TASK REQUIREMENTS
Below are entries. Reproduce exactly the lines between the line holding "100% authentic Christian" and the line holding "from walk-on to", inclusive, and only those.

RECORDS SHOWN
****

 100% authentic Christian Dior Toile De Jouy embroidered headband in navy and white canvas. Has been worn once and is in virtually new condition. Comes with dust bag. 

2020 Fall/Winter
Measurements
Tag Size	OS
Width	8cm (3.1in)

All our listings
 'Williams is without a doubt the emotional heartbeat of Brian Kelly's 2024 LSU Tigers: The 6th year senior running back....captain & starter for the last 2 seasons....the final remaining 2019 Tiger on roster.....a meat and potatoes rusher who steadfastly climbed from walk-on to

****

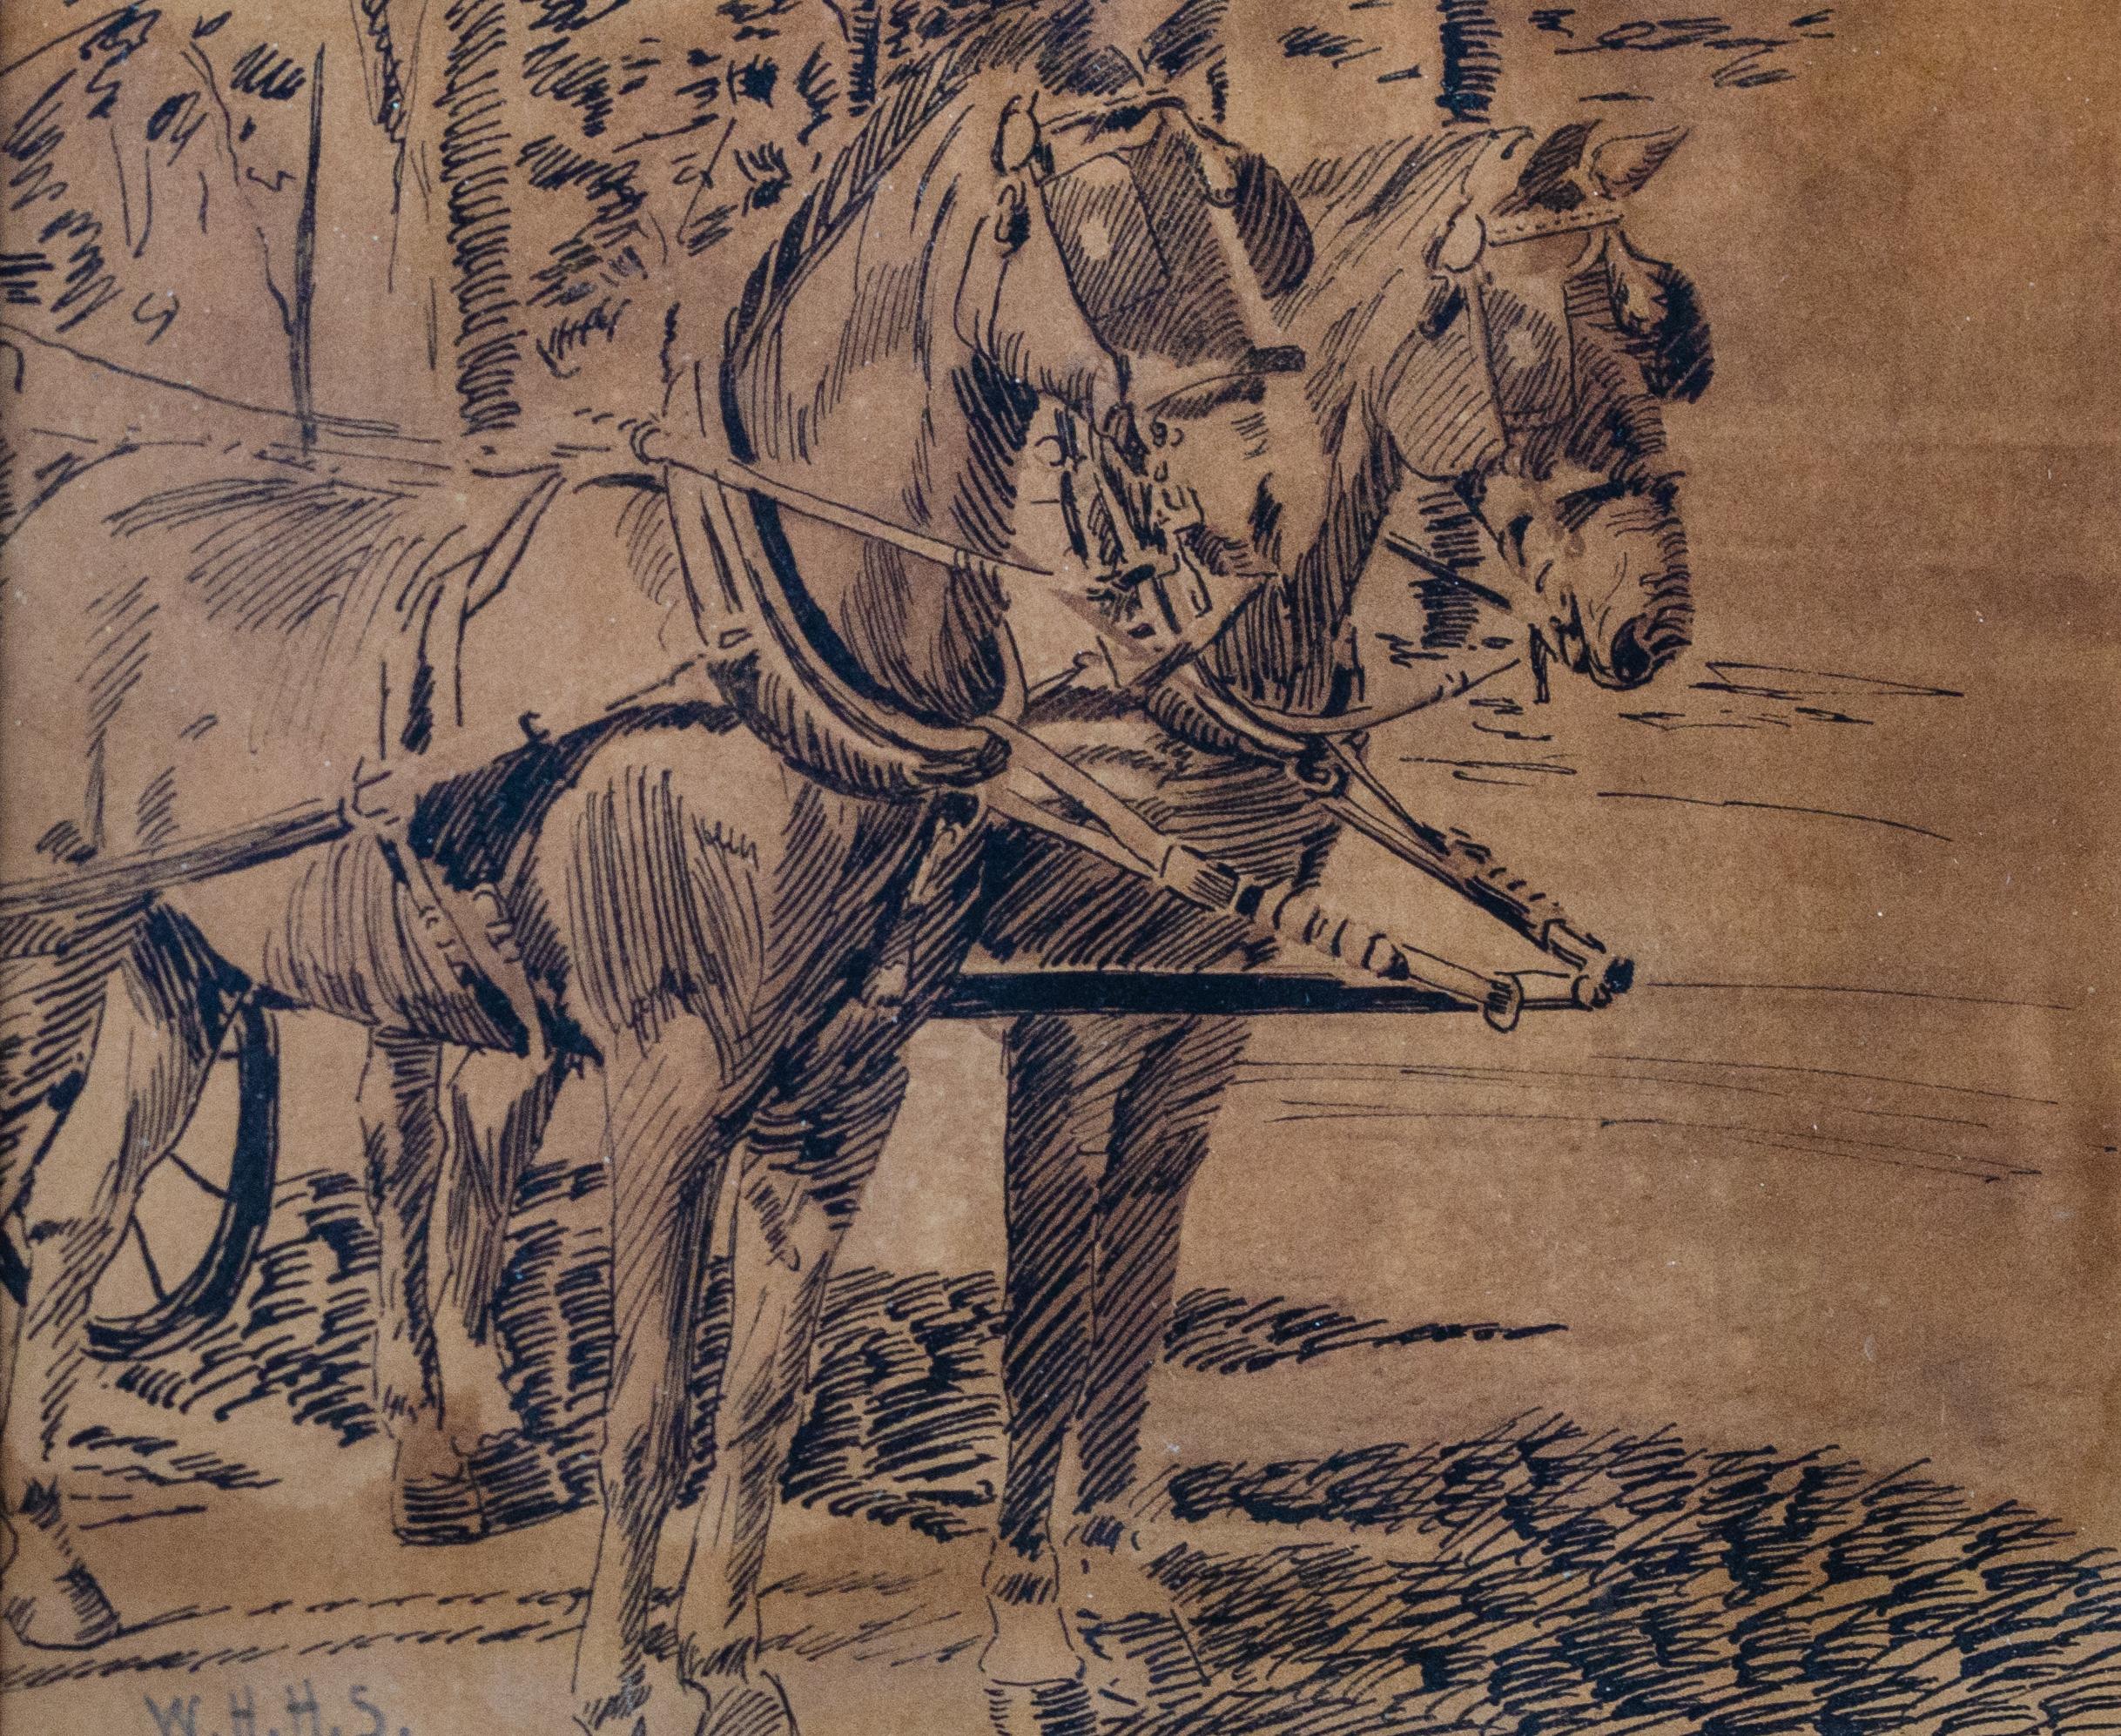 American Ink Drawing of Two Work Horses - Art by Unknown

****

ANSWER TO THIS PROBLEM
 100% authentic Christian Dior Toile De Jouy embroidered headband in navy and white canvas. Has been worn once and is in virtually new condition. Comes with dust bag. 

2020 Fall/Winter
Measurements
Tag Size	OS
Width	8cm (3.1in)

All our listings
 'Williams is without a doubt the emotional heartbeat of Brian Kelly's 2024 LSU Tigers: The 6th year senior running back....captain & starter for the last 2 seasons....the final remaining 2019 Tiger on roster.....a meat and potatoes rusher who steadfastly climbed from walk-on to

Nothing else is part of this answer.